Prodrugs that release pivalate anions when broken down by the body — such as pivmecillinam, pivampicillin and cefditoren pivoxil — have long been known to deplete levels of carnitine. This is not due to the drug itself, but to the pivalate anion, which is mostly removed from the body by forming a conjugate with carnitine. Although short-term use of these drugs can cause a marked decrease in blood levels of carnitine, it is unlikely to be of clinical significance; long-term use, however, appears problematic and is not recommended.

== History ==
The efficacy of pivmecillinam in treating females eighteen years of age or older with uncomplicated UTIs was assessed in three controlled clinical trials comparing different pivmecillinam dosing regimens to placebo, to another oral antibacterial drug and to ibuprofen (an anti-inflammatory drug). The primary measure of efficacy for the three trials was the composite response rate, which included clinical cure (resolution of the symptoms of the uncomplicated UTI that were present in participants at trial entry and no new symptoms) and microbiological response (demonstration that the bacteria cultured from participants' urine at trial entry was reduced). The composite response rate was assessed approximately 8 to 14 days after participants were enrolled into the studies. In the clinical trial comparing pivmecillinam to placebo, 62% of the 137 participants who received pivmecillinam achieved the composite response compared to 10% of the 134 who received placebo. In the clinical trial comparing pivmecillinam to another oral antibacterial drug, 72% of the 127 participants who received pivmecillinam achieved composite response compared to 76% of the 132 who received the comparator drug. In the clinical trial comparing pivmecillinam to ibuprofen, 66% of the 105 participants who received pivmecillinam achieved composite response compared to 22% of the 119 who received ibuprofen.

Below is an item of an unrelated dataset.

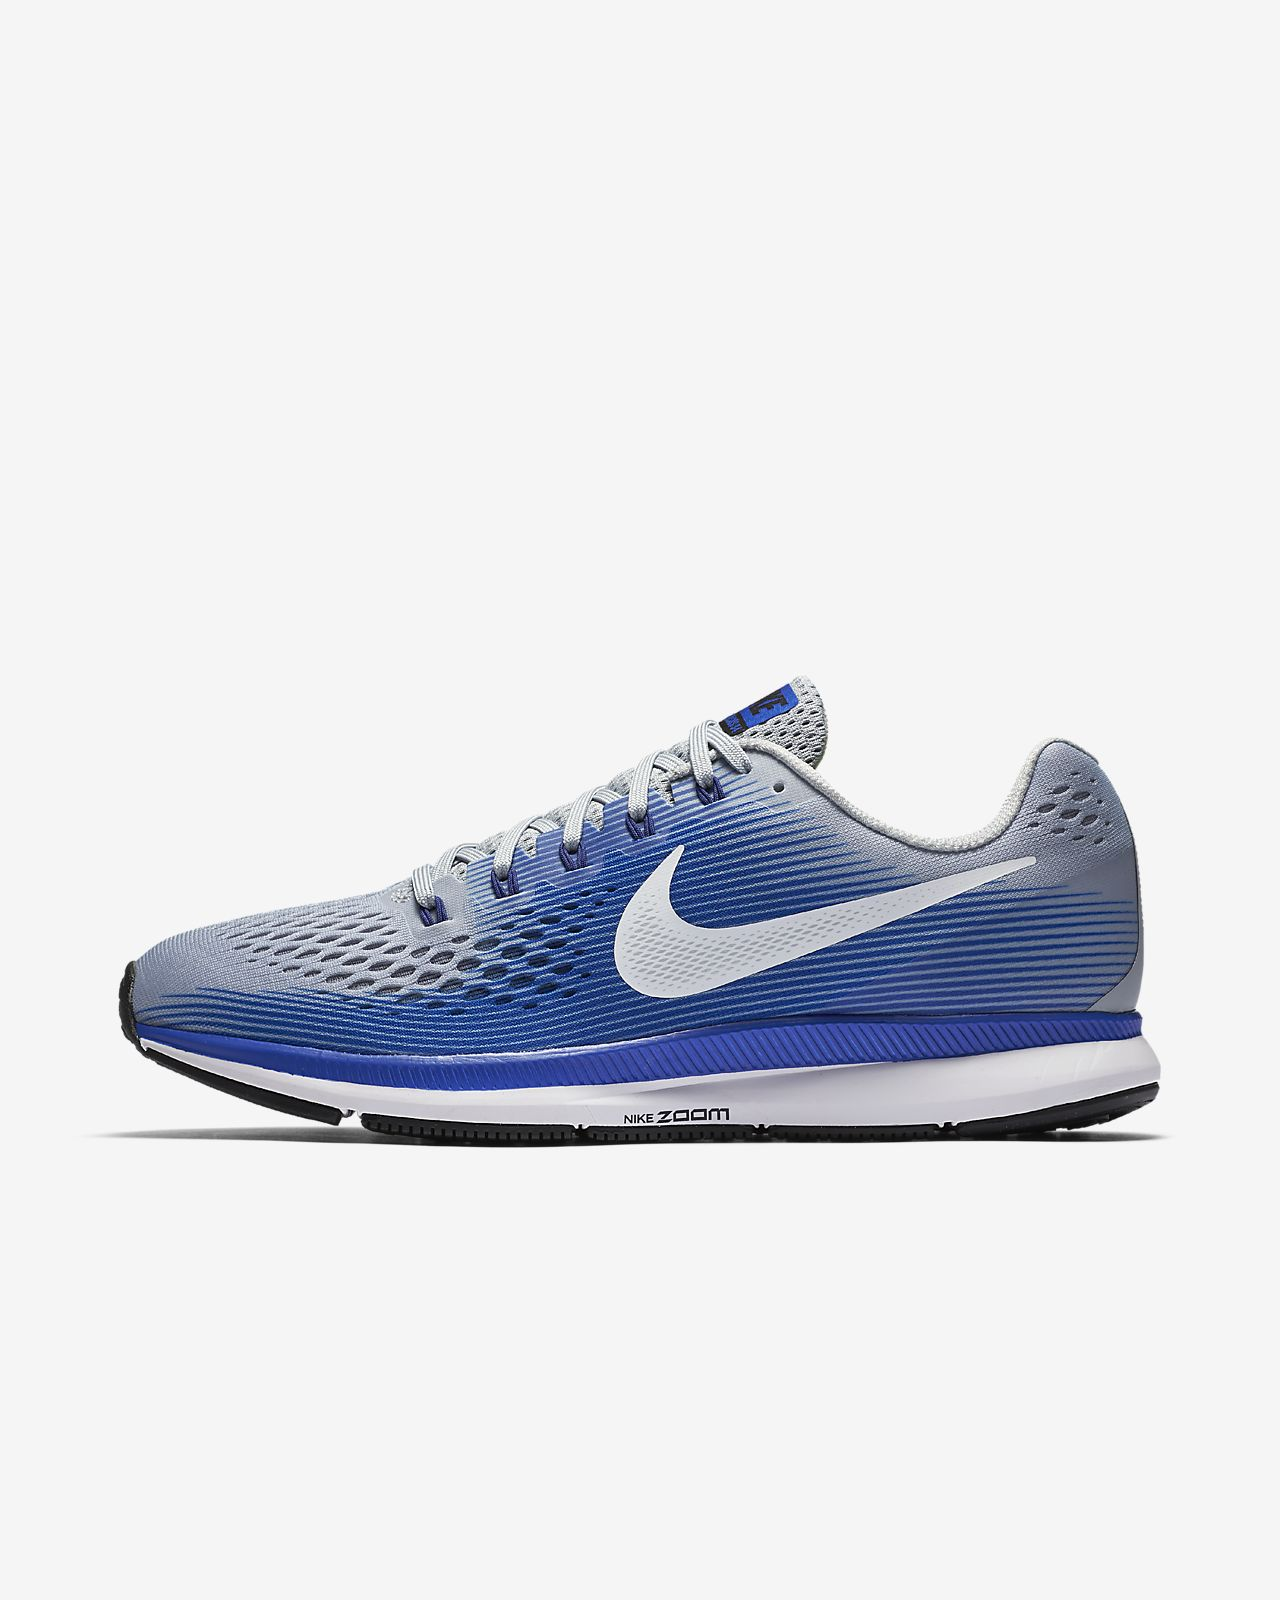 ... Chaussure de running Nike Air Zoom Pegasus 34 pour Homme
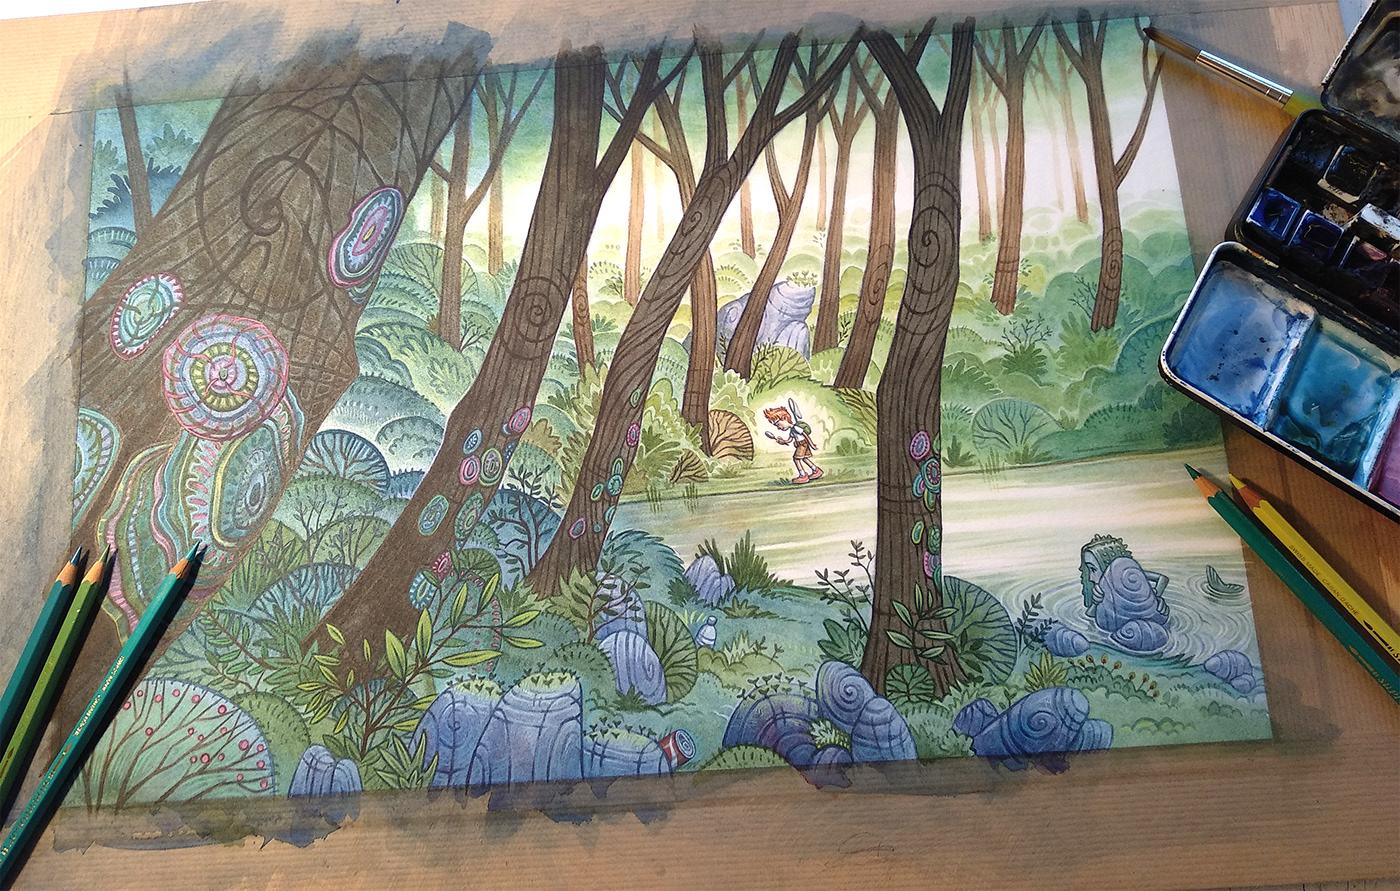 Image may contain: painting, drawing and cartoon

The US Food and Drug Administration (FDA) granted the application for pivmecillinam priority review and qualified infectious disease product designations. The FDA granted the approval of Pivya to Utility Therapeutics Ltd.

== Research ==
Pivmecillinam has been proposed as the first-line drug of choice for empirical treatment of acute cystitis. It has also been used to treat paratyphoid fever and shigellosis.